Título: Reforma agrária da Bolívia preserva propriedade produtiva
Autor: Janes Rocha
Fonte: Valor Econômico, 17/05/2006, Brasil, p. A4

O governo boliviano vai distribuir as terras públicas disponíveis exclusivamente para as comunidades indígenas do país, preferencialmente às mulheres, e vai reverter ao Estado toda a terra que não cumpra a função econômica e social. A distribuição para os indígenas tem algumas ressalvas. Estão fora da reforma as áreas protegidas ambientalmente e as terras outorgadas em concessão pelo Estado. Além disso, as comunidades que não fizerem uso sustentável da terra serão expropriadas, mas o governo está se comprometendo a dar apoio financeiro e institucional para os assentados.

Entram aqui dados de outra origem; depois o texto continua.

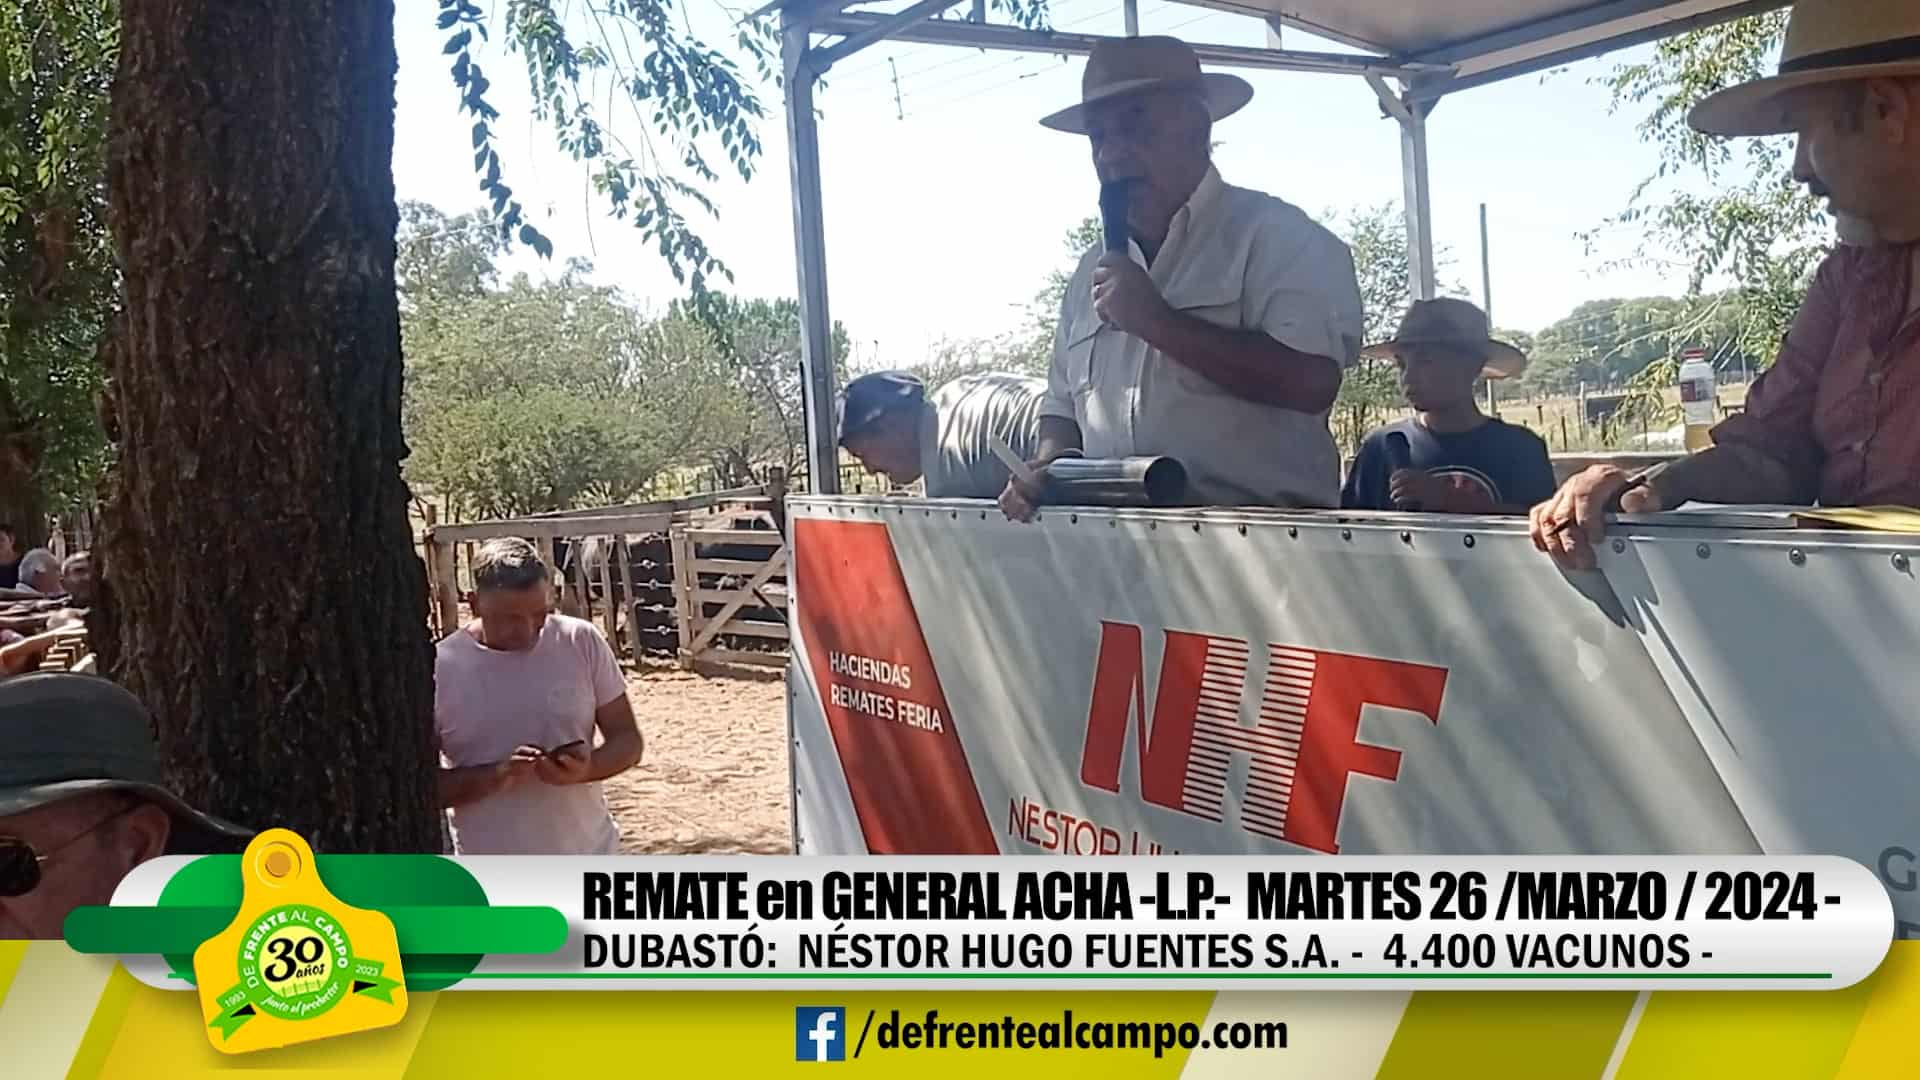 Remate Feria de Néstor Hugo Fuentes S.A. – General Acha – L.P. | 26-03-2024

Esses são os principais pontos do pacote de reforma agrária divulgado ontem no fim da tarde, na cidade de Cochabamba, pelo ministro do Desenvolvimento Rural, Agropecuário e Meio Ambiente, Hugo Salvatierra, o vice-ministro da Terra, Alejandro Almaraz, e o presidente em exercício, Alvaro Garcia Linera. No anúncio, o governo boliviano prometeu dar segurança jurídica às propriedades produtivas, enquanto declarou o fim dos latifúndios improdutivos.

"Fiquem tranqüilos", disse Garcia, dirigindo-se aos agricultores e grupos indígenas do país, ao anunciar que o plano marcará o fim dos latifúndios improdutivos, mas dará "plena segurança jurídica" às propriedades agrícolas produtivas grandes, pequenas e comunitárias.

O conjunto de decretos, que será submetido à Assembléia Nacional Constituinte (a ser criada com uma eleição marcada para 2 de julho), prevê medidas de agilização do processo de legalização e abertura para a participação social. Segundo Almaraz, as organizações ligadas ao setor, incluindo os empresários, poderão credenciar delegados para participar de todos os processos de legalização.

Amplamente aguardado pelos produtores rurais, especialmente os grandes, que temiam perder suas propriedades, o pacote foi considerado "positivo" pelo presidente da Associação dos Produtores de Oleaginosas e Trigo da região de Santa Cruz de La Sierra, Carlos Rojas. "A pressão do setor produtivo fez com que o governo abrisse o diálogo", afirmou Rojas, lembrando que a distribuição de terras públicas para os indígenas foi um pedido dos agricultores a Evo Morales em abril.

Outro ponto positivo para os produtores, segundo Rojas, foi a ausência da palavra "expropriação" e de referências à nacionalidade dos produtores - os "sojeiros" brasileiros são donos de 25% da produção de grãos no país. Os decretos falam em "reversão" ao Estado de terras improdutivas, diferente de expropriação que poderia indicar um critério mais amplo de tomada das terras que produzem, explicou Rojas.

O governo também atendeu pedidos dos agricultores ao manter o programa atual (de 1996) de legalização das terras e acrescentar medidas de agilização do processo. Em dez anos do decreto de legalização (1715/96), o governo gastou US$ 100 milhões e só conseguiu legalizar 17% das terras.

Frisando que ainda não tinha tido acesso ao teor dos decretos, Carlos Rojas disse que o único ponto negativo do plano anunciado ontem é a centralização das atividades do departamento de reforma agrária (INRA) no governo central - o órgão atua através de unidades autônomas nos diversos departamentos (Estados) da Bolívia.